Três homens, dois estudantes e um membro de um coletivo pró-governo, morreram baleados no final de manifestações em Caracas, na quarta-feira 12, num incidente que provocou dezenas de feridos e uma centena de presos, e denúncias de que estes estão incomunicados, sofrem torturas e tratamentos cruéis.

Os protestos, paradoxalmente, foram iniciados por estudantes a denunciar que a insegurança e a violência criminosa nas ruas tinham atingido os seus locais de estudo.

“Estamos a enfrentar um golpe de Estado em desenvolvimento contra a democracia e o governo que presido”, advertiu Maduro, eleito em abril para substituir o seu falecido correligionário Hugo Chávez (1954-2013), no seu primeiro discurso depois de ser informado que pessoas não identificadas dispararam contra manifestantes no centro de Caracas.

O governante acusou “grupos fascistas de ultradireita” que seguiriam “o mesmo guião de abril de 2002”, quando uma gigantesca marcha da oposição em Caracas culminou num tiroteio que causou a morte de 19 civis e desencadeou um breve golpe de Estado contra Chávez.

Acusações cruzadas

“As circunstâncias atuais são diferentes, e o governo ou não sabe onde está parado, o que é difícil de acreditar, ou usa a explosão da crise para justificar a suspensão de garantias (direitos dos cidadãos que constam na Constituição) e governar sob um estado de exceção”, disse à IPS o sociólogo Carlos Raúl Hernández, professor do doutoramento em ciências políticas da Universidade Central de Venezuela.

Para Hernández, o apoio massivo ao protesto estudantil obedece ao “enorme mal-estar que cresce em setores do próprio chavismo, devido à megacrise económica e a péssima forma como o governo está a lidar com ela”.

O panorama económico é dominado por uma das maiores taxas de inflação no mundo (56 por cento anual, mais de 70 por cento no item alimentos) e uma agoniante escassez de produtos básicos, desde leite e farinhas até papel higiénico e jornais, passando por medicamentos, bilhetes aéreos, produtos industriais e peças para veículos.

Enquanto o Estado restringe cada vez mais a saída das divisas que obtém através das exportações petrolíferas, e toma medidas pontuais de inspeção e de punição contra empresas comerciais e industriais, o empresariado exige o pagamento de dívidas milionárias contraídas sob o regime do controlo de câmbio.

Para a historiadora Margarita López Maya, do Conselho Latino-americano de Ciências Sociais, “perdidos os encantamentos produzidos pelo verbo e a presença do líder carismático (Chávez), a realidade nada prometedora tornou-se crua e impossível de ocultar”.

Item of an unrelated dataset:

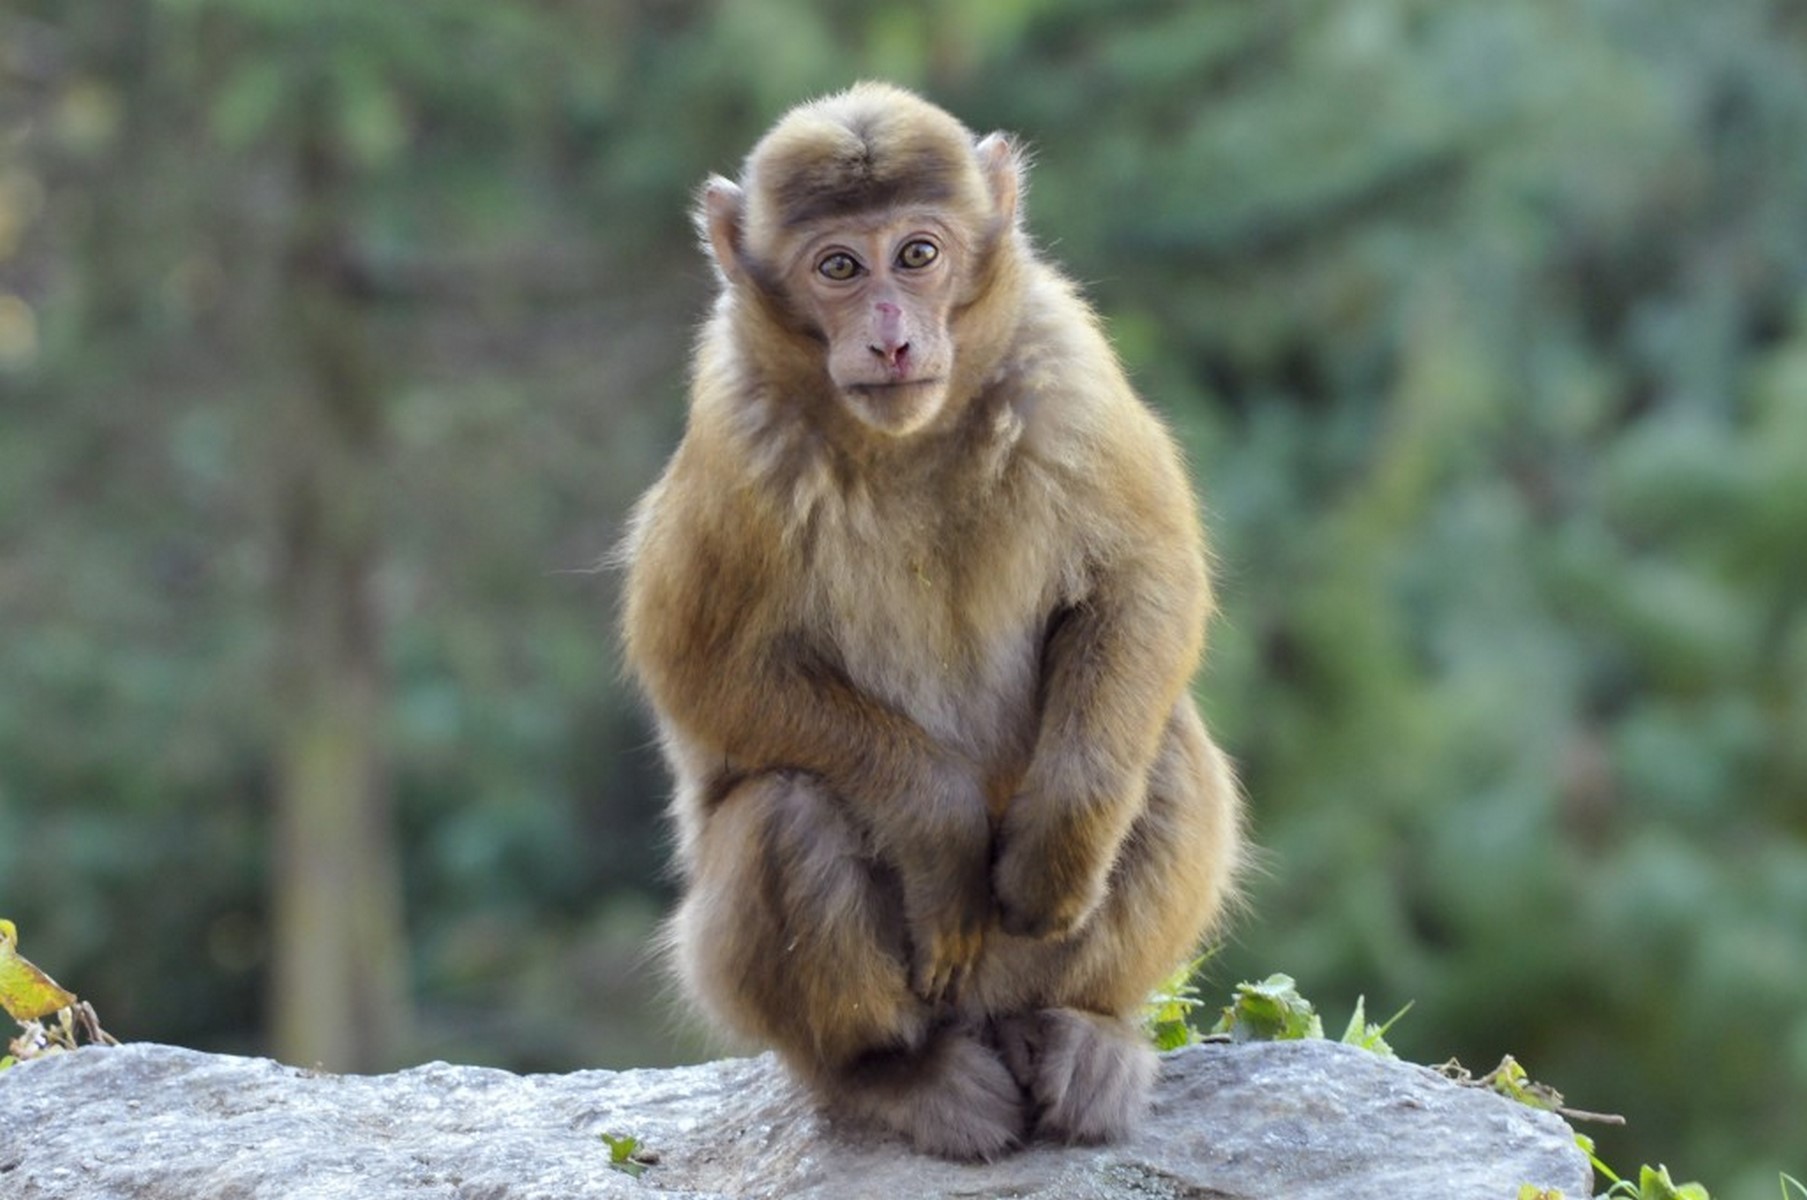 Assam macaque

“Vivemos a ondulação produzida por mal-estares e reivindicações não satisfeitas da sociedade venezuelana, que se vêm acumulando nos meses recentes, produto de desarranjos económicos e sociais já de longa data”, assinalou López Maya.

Protestos dos estudantes

Com esse mal-estar como pano de fundo, os estudantes receberam apoio de outros cidadãos quando começaram a manifestar-se no início de fevereiro nos Andes do sudoeste.

Três jovens, acusados de atacar a residência do governador regional, foram enviados para uma prisão em Coro, no extremo noroeste, para serem julgados. Os protestos, então, recrudesceram.

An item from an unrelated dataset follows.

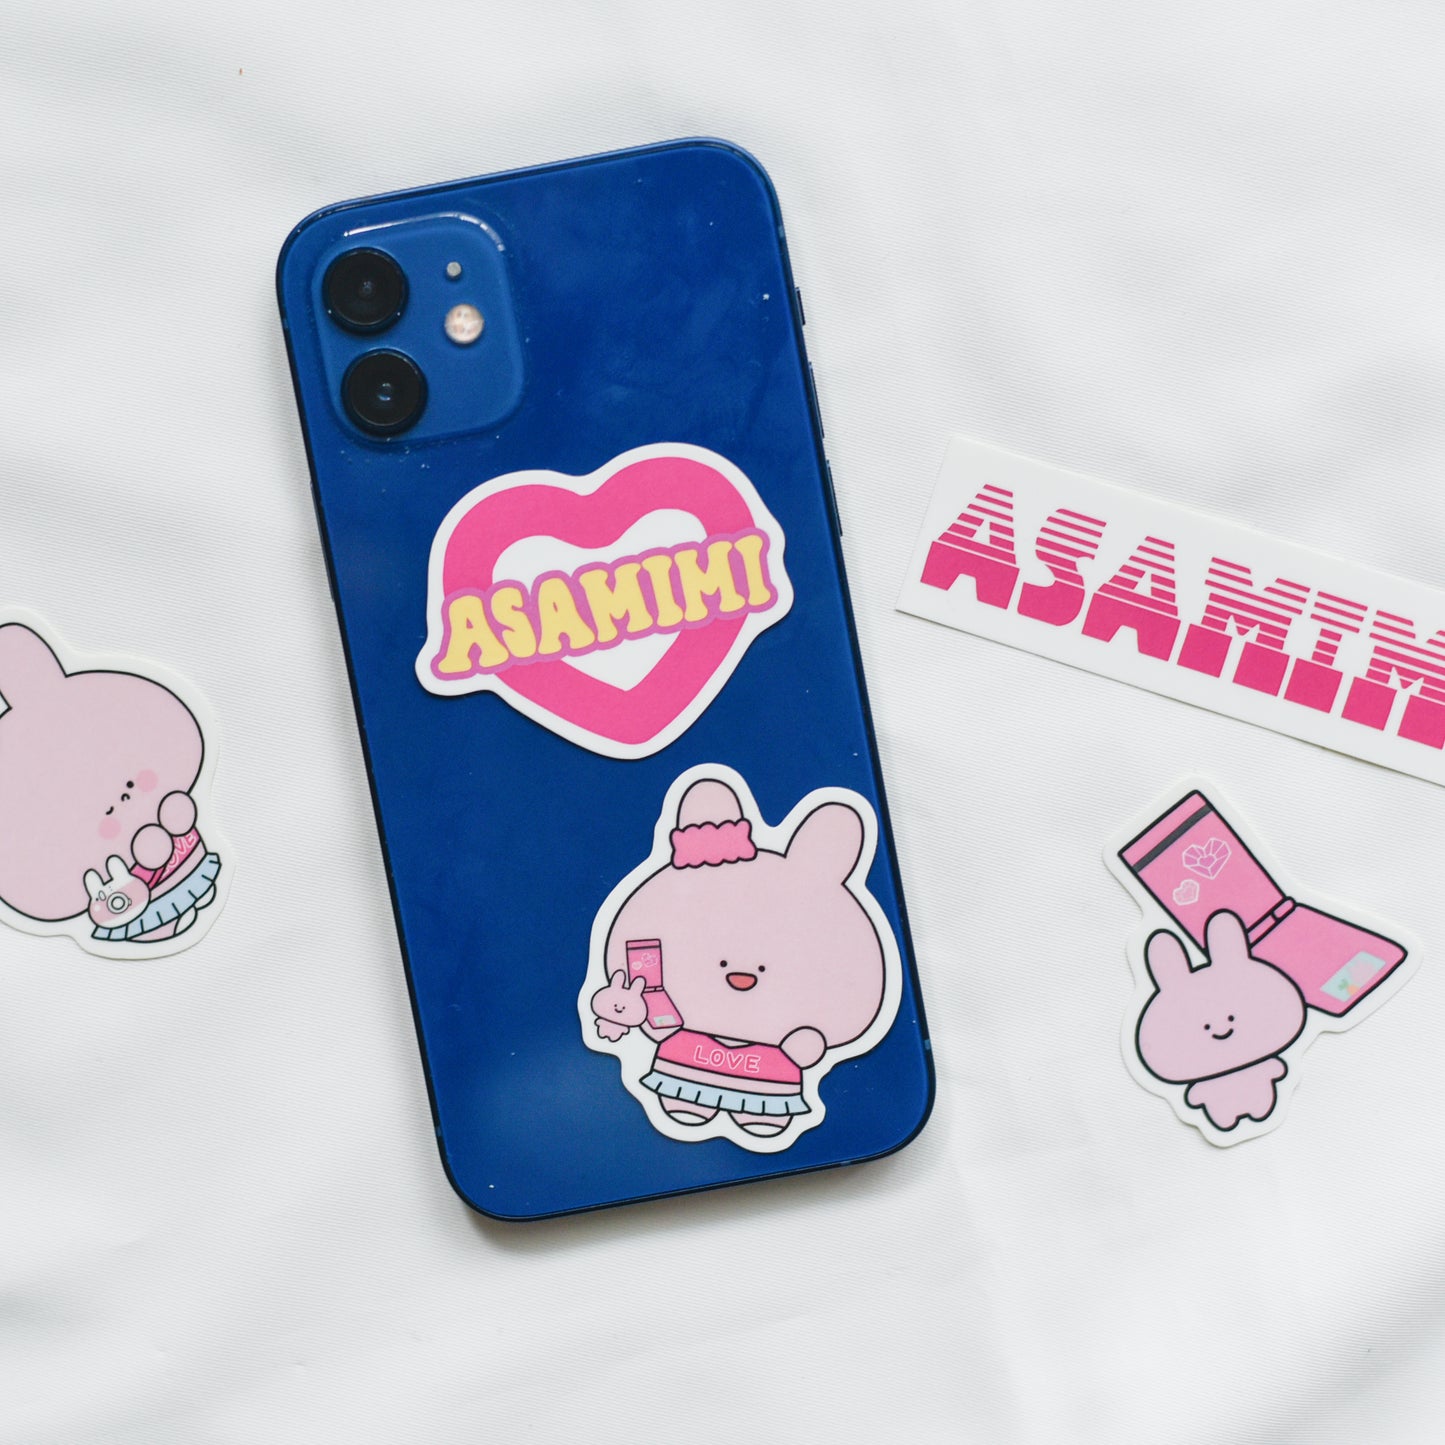 [Asamimi-chan] Gal Mimi sticker pack (5 pieces)

Dirigentes de um setor da coligação oposicionista Mesa de Unidade Democrática convocaram manifestações na quarta-feira 12, bicentenário de uma batalha da guerra de independência contra a Espanha, na qual jovens estudantes reforçaram o exército patriota e conseguiram a vitória.

A data comemora-se como o Dia da Juventude, o que significou uma sobrecarga emotiva e política às manifestações e ao seu desenlace violento.

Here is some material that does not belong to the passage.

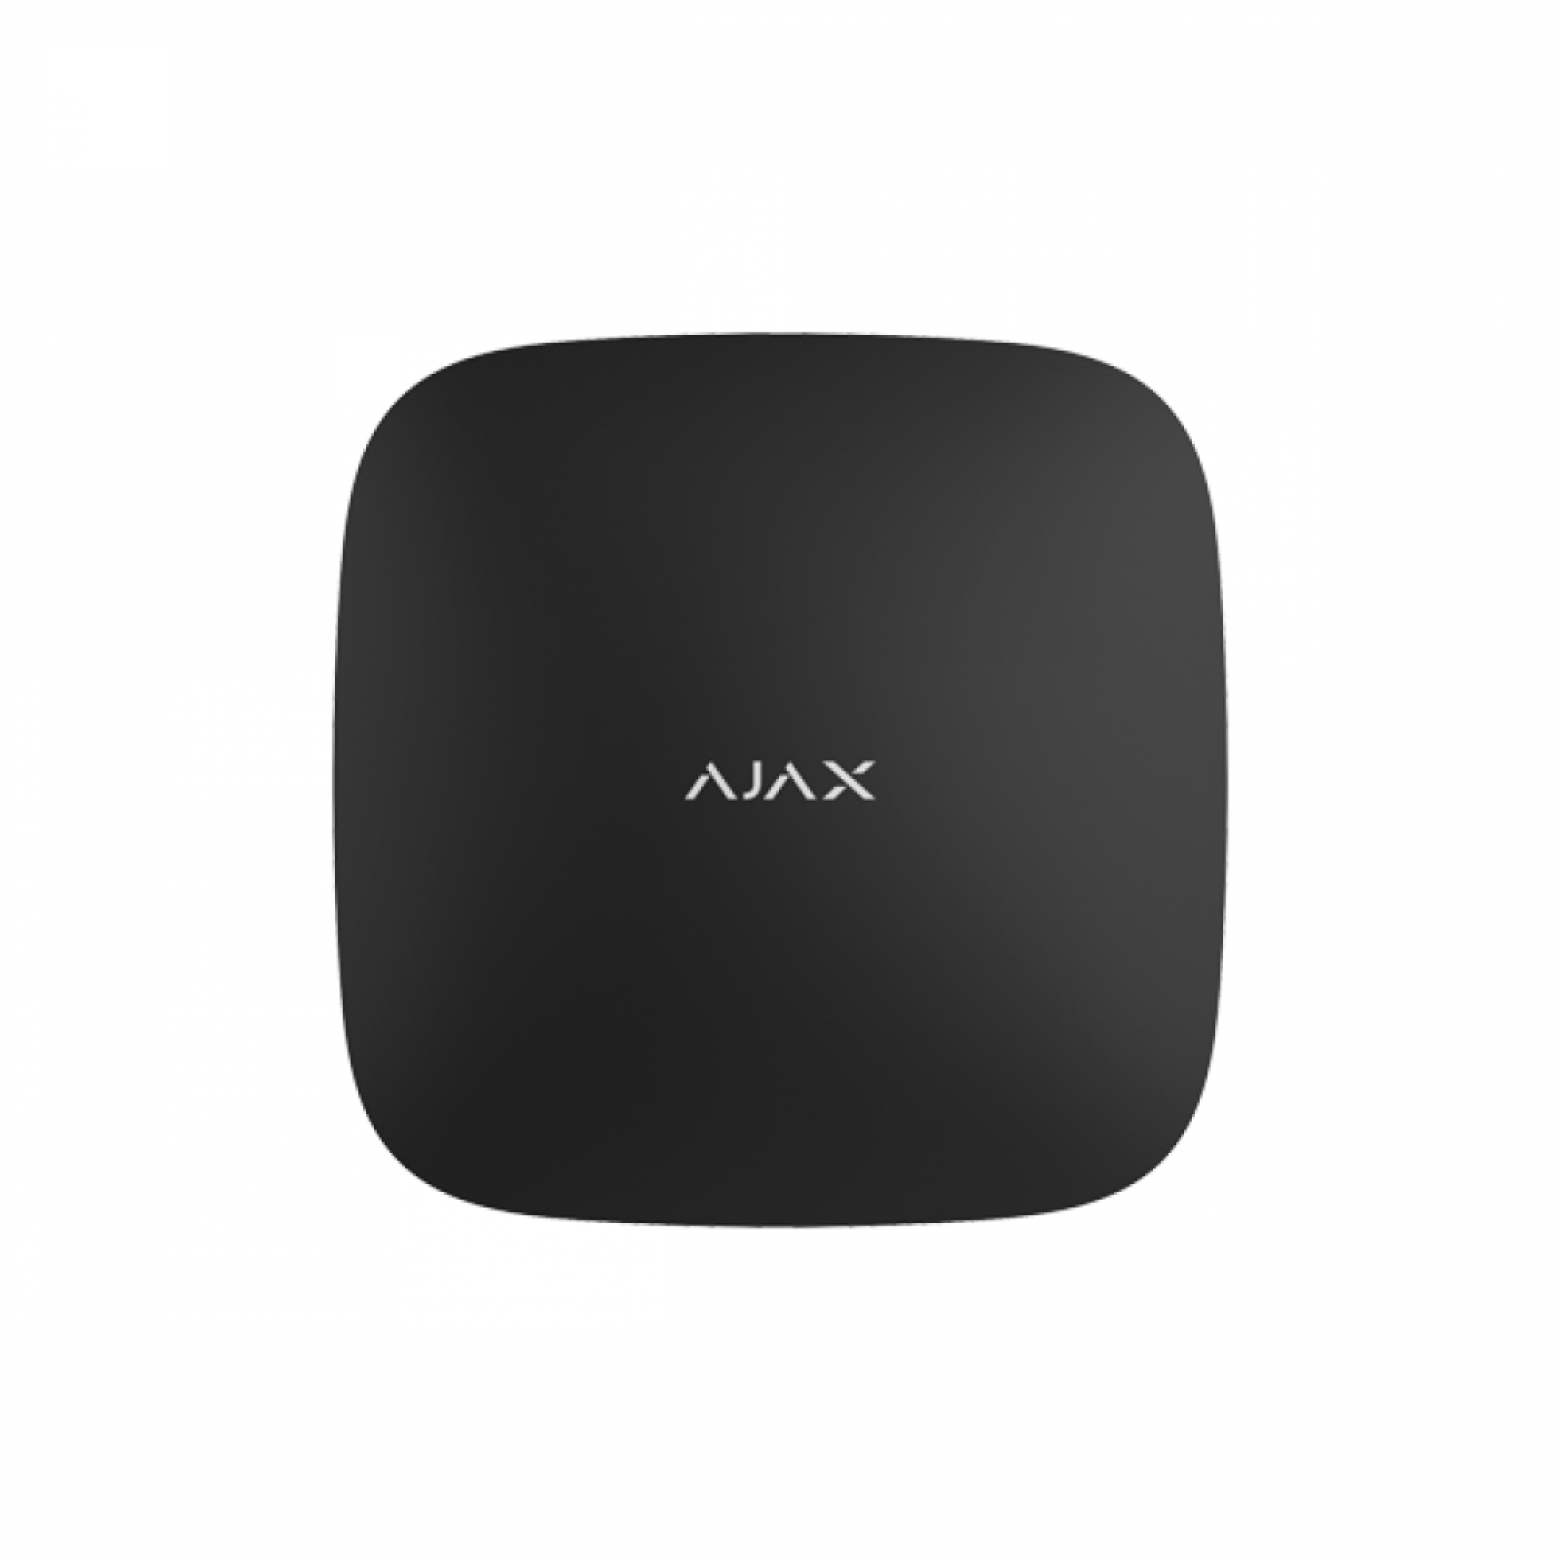 AJAX Hub 2 Plus Draadloos Alarmsysteem wit/zwart

Nesta sexta-feira 14, enquanto prosseguiam protestos de rua em Caracas e outras cidades, desafiando o anúncio de Maduro de que só seriam permitidas manifestações previamente autorizadas, anunciou-se que os jovens presos em Coro foram libertados.

Tratar-se-ia de um primeiro passo para tirar força ao protesto, e coincide com a chegada de numerosos apelos da comunidade internacional em apoio ao diálogo e ao respeito dos direitos de todas os lados envolvidos no conflito político venezuelano.

Na Venezuela, organizações de direitos humanos como a Provea e a Rede de Apoio pela Justiça e a Paz puseram ênfase na investigação e na punição dos responsáveis pelos mortos e feridos que se seguiram aos protestos do dia 12.

Com abundantes depoimentos, fotografias e vídeos, os jornalistas no terreno documentaram a irrupção de grupos supostamente afetos ao governo, chamados genericamente de “coletivos”, que desencadearam a violência e usaram armas de fogo nos locais onde pessoas foram atingidas.

Maduro acusa rede de TV colombiana

Na partilha de culpas, Maduro acusou os meios de comunicação internacionais de instigar à violência ao transmitir relatórios e declarações sobre os acontecimentos.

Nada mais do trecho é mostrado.